The WAGR K class was a single member class of 0-6-2T tank locomotive used intermittently by the Western Australian Government Railways (WAGR) between 1891 and 1926.

History
The K class engine was built in 1891 by Hudswell, Clarke & Co, Leeds, for the construction of Fremantle Harbour. It entered service with the Public Works Department, moving later the same year to WAGR as K19.

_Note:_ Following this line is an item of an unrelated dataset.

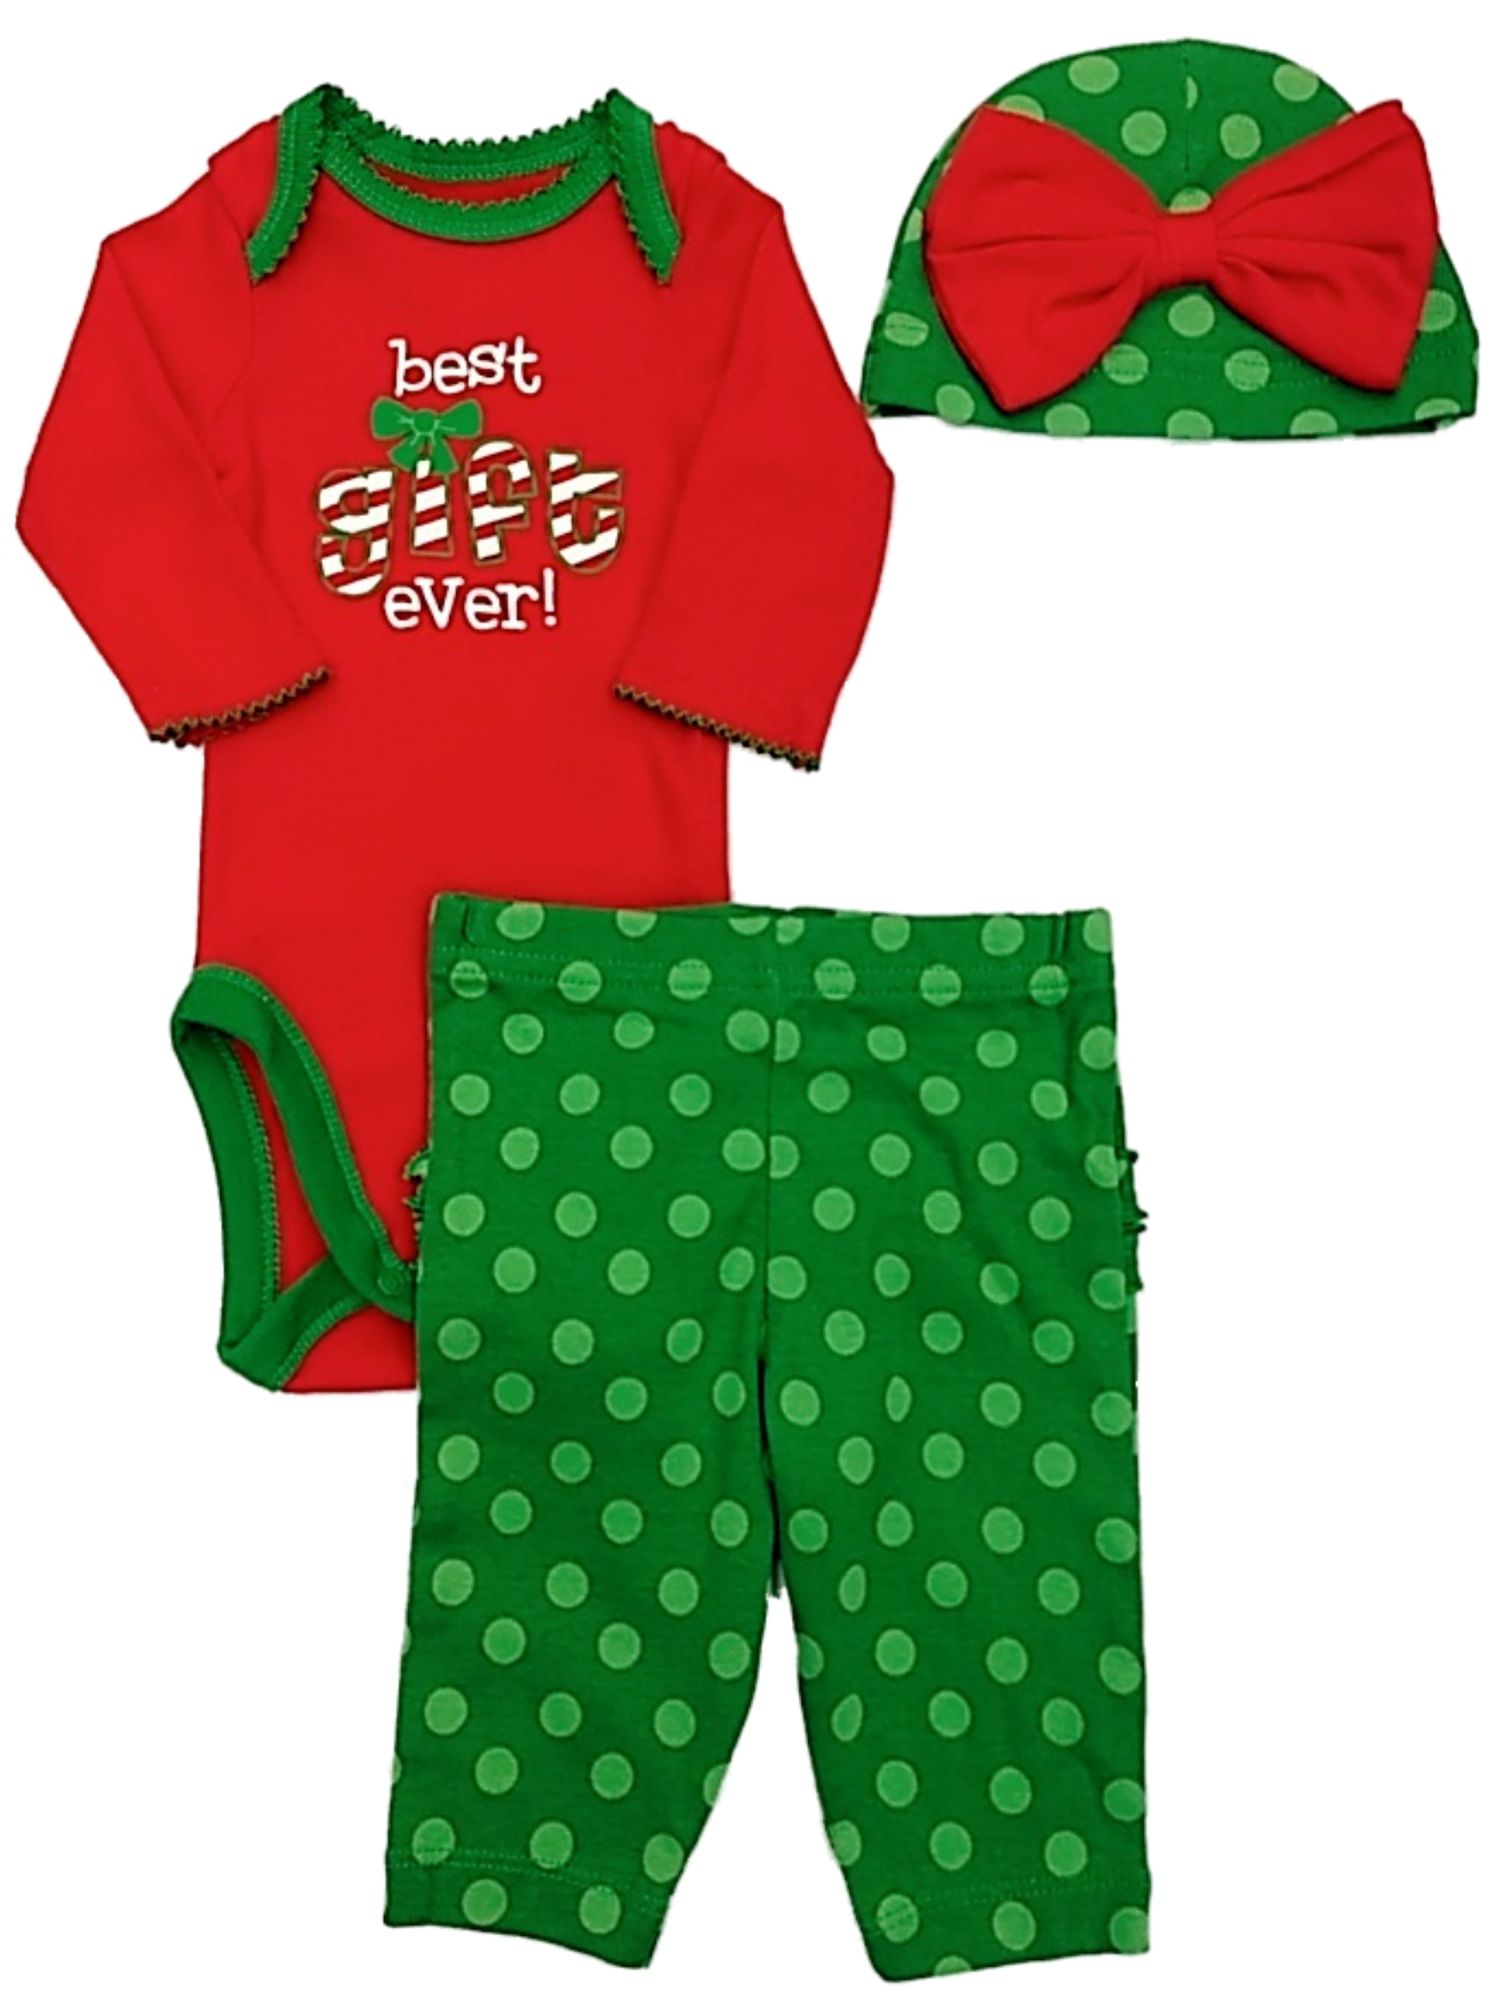 Gerber Infant Girls Red Best Gift Ever Christmas 3 Piece Outfit Set

The locomotive was used subsequently on a number of other construction projects, passing into and out of WAGR ownership on several occasions with the Public Works Department, Goldfields Water Supply Administration and Fremantle Harbour Works Department operating it at various times across the state from Geraldton in the north to Bunbury in the south. When it made one of its returns to WAGR ownership in 1903, the class designation had been reallocated to another class along with number 19, so it was reclassified as L5.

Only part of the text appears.